One frequently sees newspaper articles and news reports deploring the high rate of illiteracy in the United States, the wealthiest country in the world. Certainly, literacy is fundamental; if one cannot read or write, one’s ability to learn is crippled. Compounding the problem are the aliterates, those who can read but don’t read, which leaves them no better off than those who can’t read at all.
Less frequently, one sees articles about innumeracy, the inability to deal with even simple mathematics. Innumerates cannot calculate the correct tip in a restaurant, balance their checkbooks, or calculate the proper change when they buy something. One suspects that more than a few sales clerks would be lost if their cash registers didn’t calculate the correct change for them.
As devastating as ignorance of basic reading and math is, there is another class of ignorance that is nearly as important and almost never mentioned. For lack of a word, I’ll call it unscientificacy, or the inability to understand or deal with even simple science concepts. Because they lack the ability to reason critically, unscientificates are easy prey for anyone who tells a good story.

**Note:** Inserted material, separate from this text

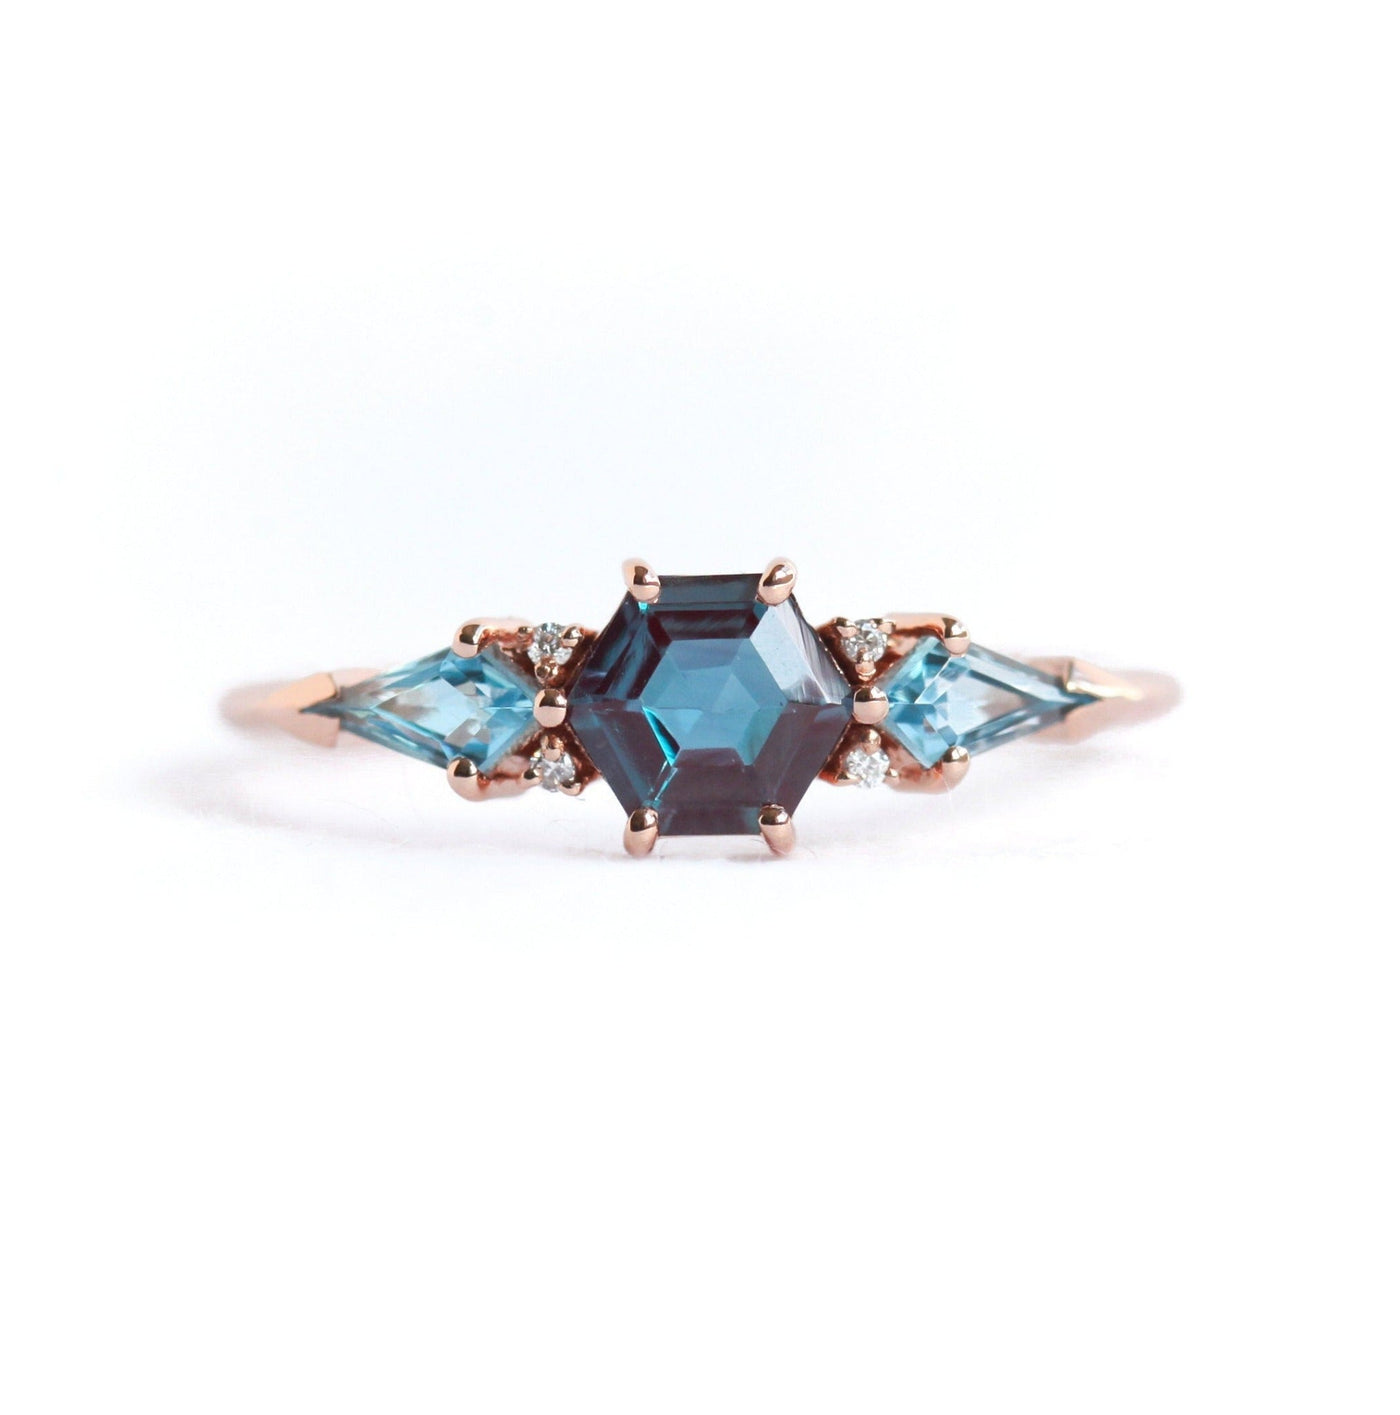 Teal Hexagon Alexandrite Cluster Ring with 2 Side Blue Topaz Stones and 4 White Round Diamonds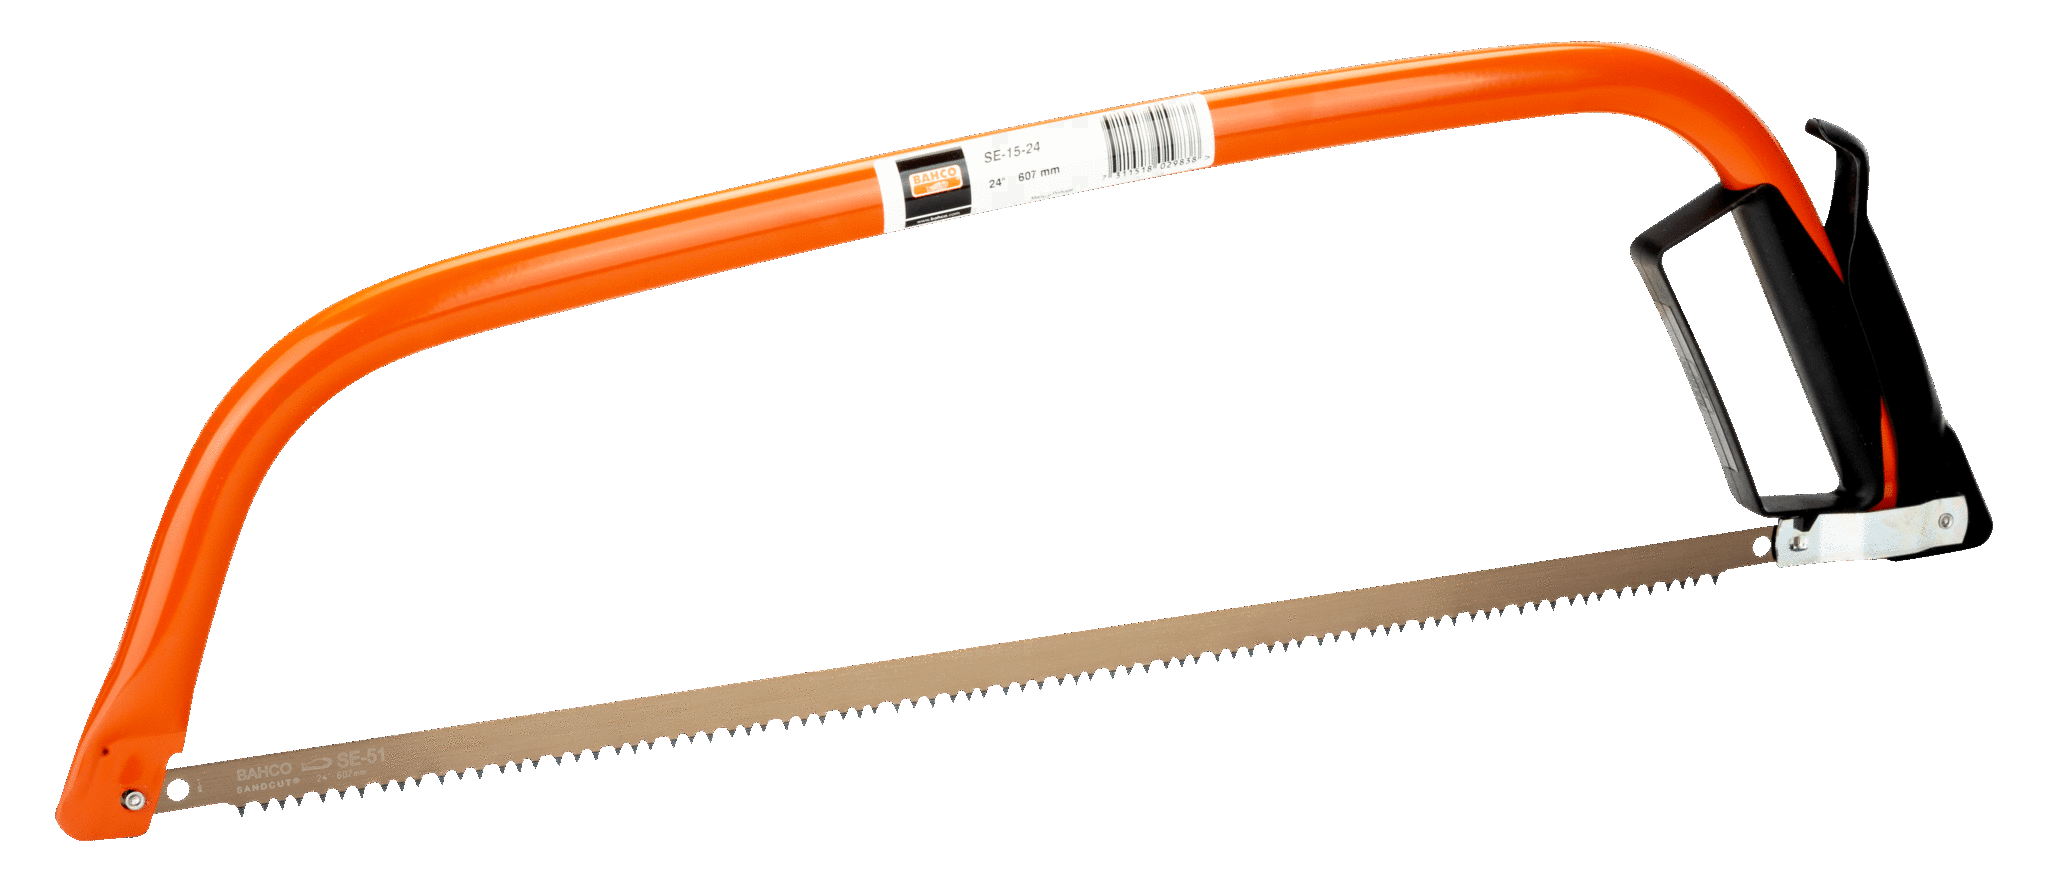 General Purpose Bow Saws 21" - SE-16-21 by Bahco

Vaccines cause autism? That may sound reasonable to someone with no understanding of science, but to anyone who has even a modicum of scientific knowledge it’s obvious from a brief glance at the facts that there’s no correlation. Chelation therapy, homeopathy, astrology, chiropractic, aroma therapy, magic wristbands, snake-oil nutrition supplements–the list of pseudosciencey crap goes on and on. All attract large followings among the ignorant, and not a one of them is evidence-based. To the extent that any make falsifiable predictions, those predictions have been tested and found to fail.
To me, the truly frightening thing is that these credulous True Believers are allowed to vote on issues that affect all of us. Now, I realize that the universal franchise is held sacred by most people, but when I visualize a new-agey know-nothing space cadet entering a voting booth, I think the “you’re too ignorant about everything that matters to be be allowed to vote” argument should be reasonable grounds for disqualification.
Literacy tests were formerly used to restrict voting, but came into disrepute because they were perceived to be racist. Be that as it it may, it seems reasonable to me to set a bar on voting by requiring some minimum level of knowledge among voters. The ability to read and explain a paragraph of plain English text would be a good start, as would demonstrating some basic facility with mathematics and science. I’m not suggesting that we require competence in, say, differential equations or orbital mechanics to qualify someone to vote, but it would be nice to require, say, the ability to answer correctly such simple science-related questions as the orbital period of Earth or the freezing point of water. Anyone who cannot answer such simple questions can safely be assumed to be incapable of reasoning out which candidate he should vote for. Allowing such people to vote dooms us to suffer politicians elected by the stupid and the ignorant.
While we’re at it, it wouldn’t hurt to require a basic knowledge of history, at least US history. I was stunned the other day when I read a link on Jerry Pournelle’s site about a guest lecturer asking a class of graduate students in history to raise their hands if they knew who George Marshall was. Not a single hand was raised. In a class of history students in graduate school.
Hello? George C. Marshall? A five-star general and the Army Chief of Staff during WWII. The author of the Marshall Plan. Geez.
Well, perhaps I’m being too harsh. These were, after all, only graduate history students. One can’t expect them to know much about recent US history. And, even in their abysmal ignorance, they probably still know more about history than most US high school students, the majority of whom probably can’t name four of the major combatants in WWII, nor even give the dates of that war within a decade.